Tuesday, October 4, 2016

This $8 Billion ‘Clean’ Energy Dam Could Poison Locals with Methylmercury, Scientists Say

Photo by Justin Brake via Twitter

This post originally appeared on VICE Canada.

Inuit hunters downstream from a massive $11 billion "clean" energy project in Labrador fear it will poison their food supply with methylmercury when flooding begins later this month.

When it's complete, the Muskrat Falls dam project in Canada's north will provide a wealth of reliable, non-fossil fuel electricity to Canada's east coast and eventually, the province hopes, New England. The company behind the project says it will produce a whopping 16.7 terawatt hours of electricity a year, reducing greenhouse gas emissions by the equivalent of taking 3.2 million cars off the road.

But while new, non-fossil fuel energy sources are becoming increasingly vital as the world confronts climate change, peer-reviewed Harvard research suggests the dam flooding will increase methylmercury levels downstream by 14 times within 120 hours, putting the local Inuit at risk of poisoning from the neurotoxin. Climate change has also increased the worry of methylmercury in Canada's north because the melting permafrost is expected to deposit more of the dangerous toxin, which can cause poor brain development and impaired learning.
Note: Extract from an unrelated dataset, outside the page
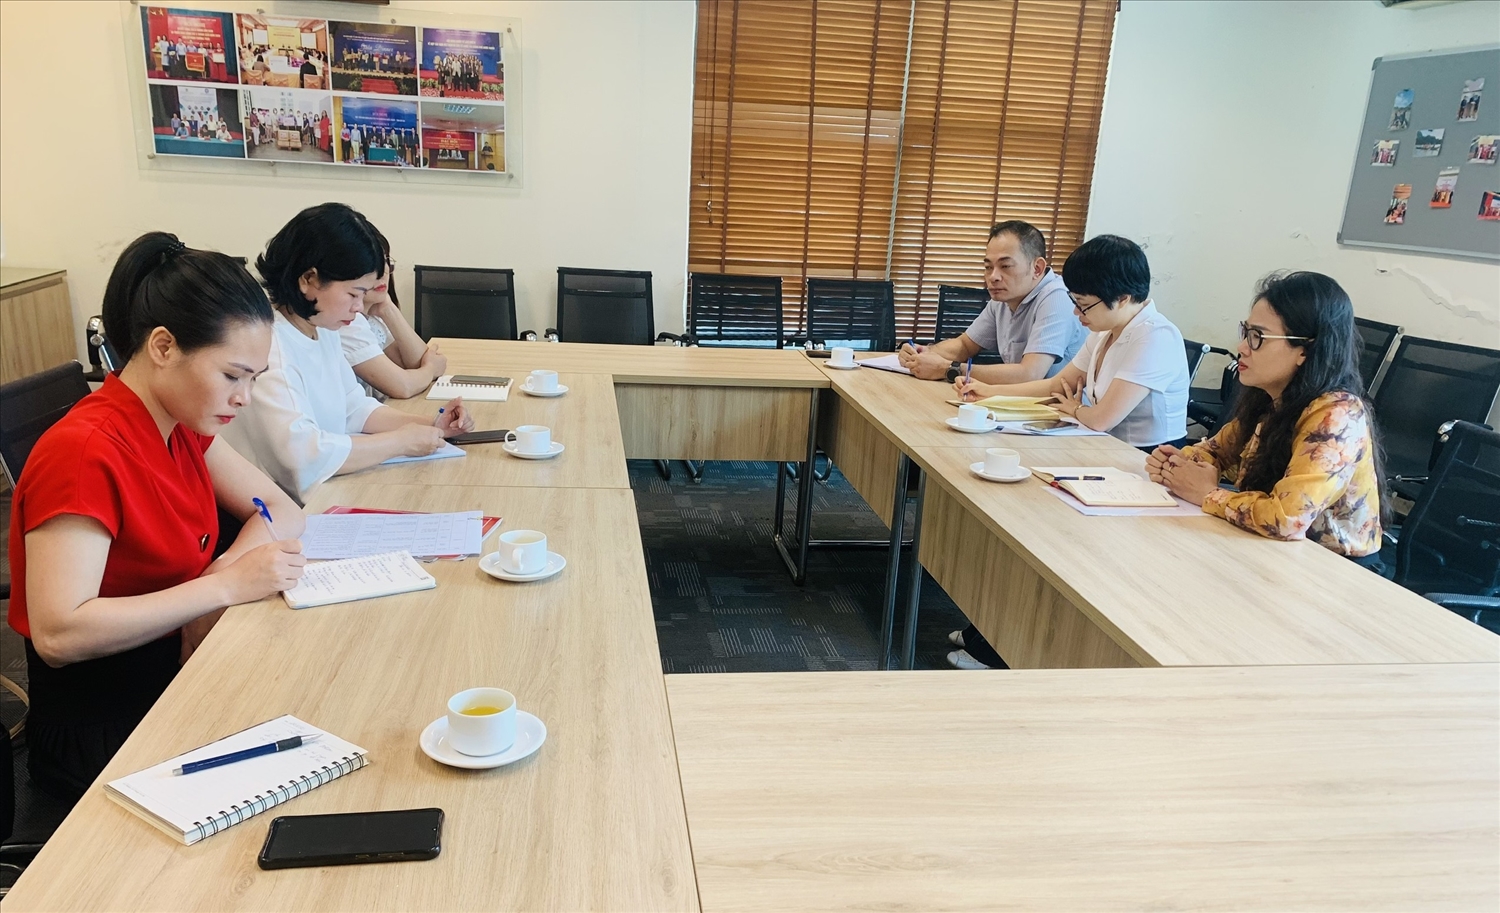 Đoàn công tác Sở Ngoại vụ tỉnh Lai Châu làm việc với Ban Điều phối viện trợ Nhân dân (PACCOM) ngày 23/6/2023 nhằm tích cực vận động nguồn viện trợ không hoàn lại từ các tổ chức PCPNN hỗ trợ cho các lĩnh vực còn khó khăn của tỉnh. (Nguồn ảnh: songoaivulaichau.gov.vn)
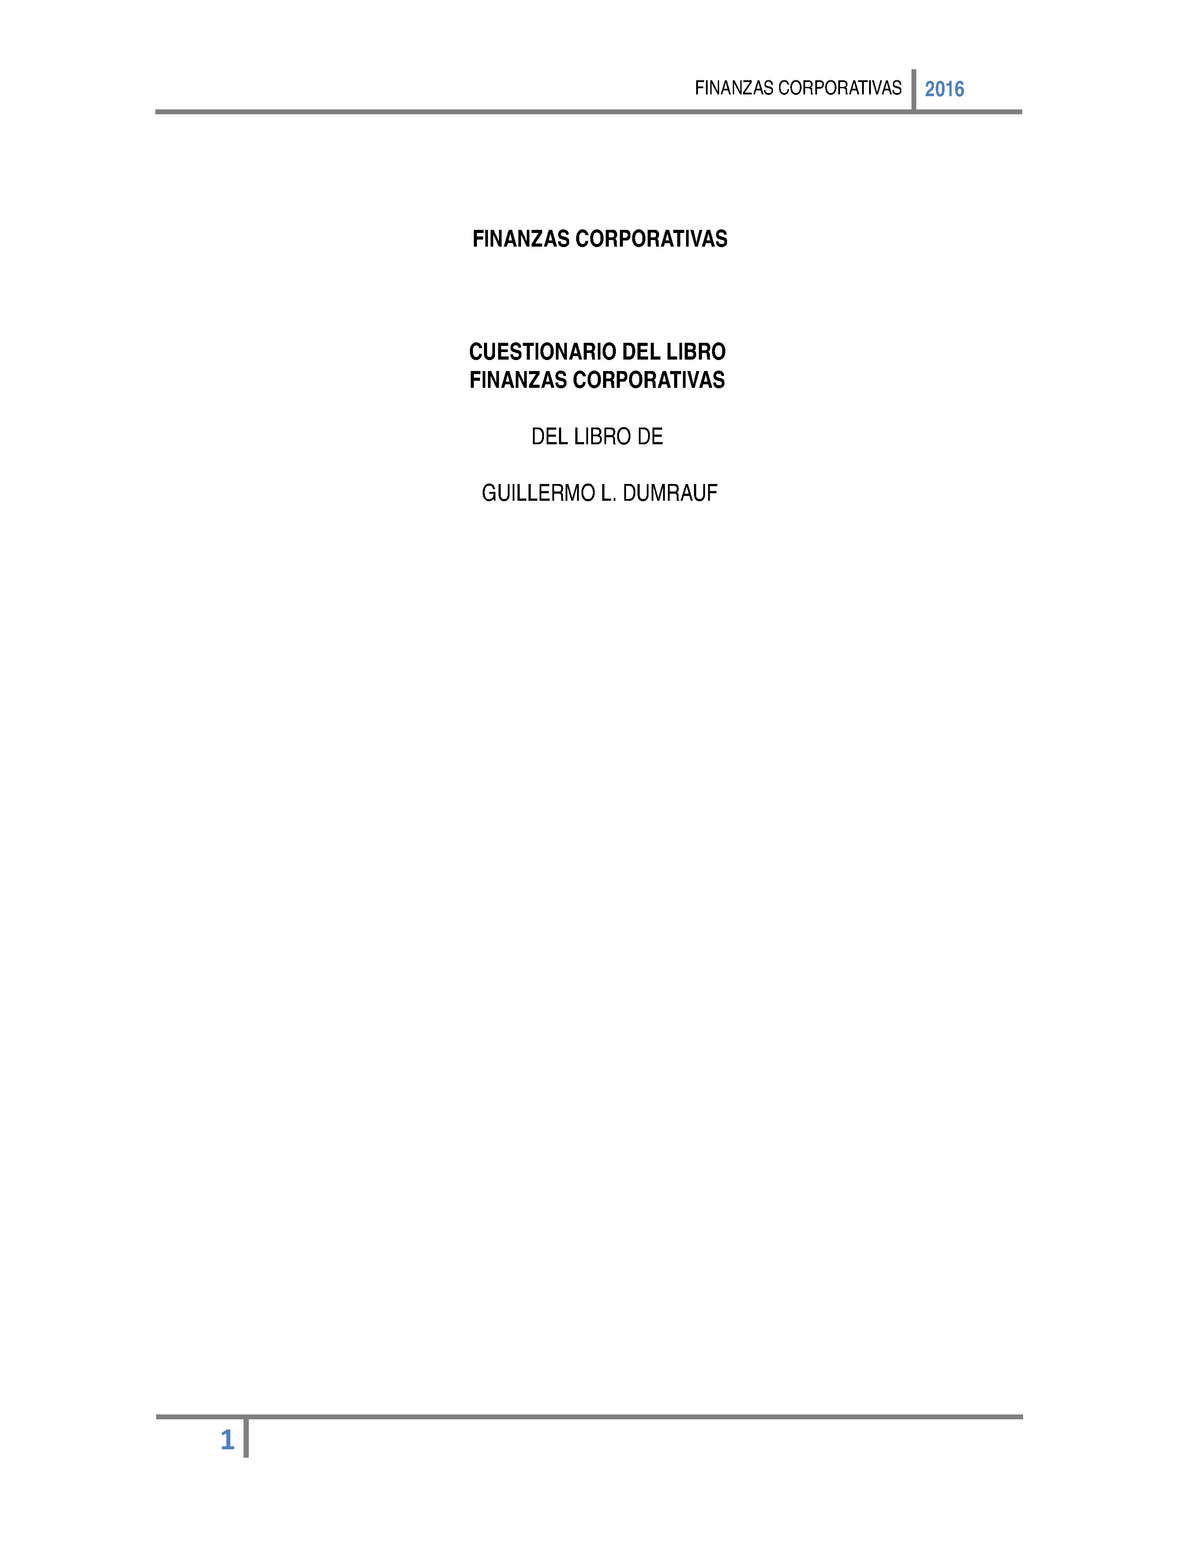 317335305 Cuestionario Libro De Guillermo Dumraum Finanzas Corporativas Finanzas Corporativas 1048

On Monday afternoon, a small group of locals and Indigenous elders marched toward a part of the dam, the North Spur, as two RCMP vehicles followed close behind.

"I suspect that we will be in jail in a couple hours," one of the protesters Kirk Lethbridge told VICE News.

The protesters worry the North Spur wall of the dam could fail because it has a clay base—though the company behind the dam told VICE News its engineers are working to stabilize the area.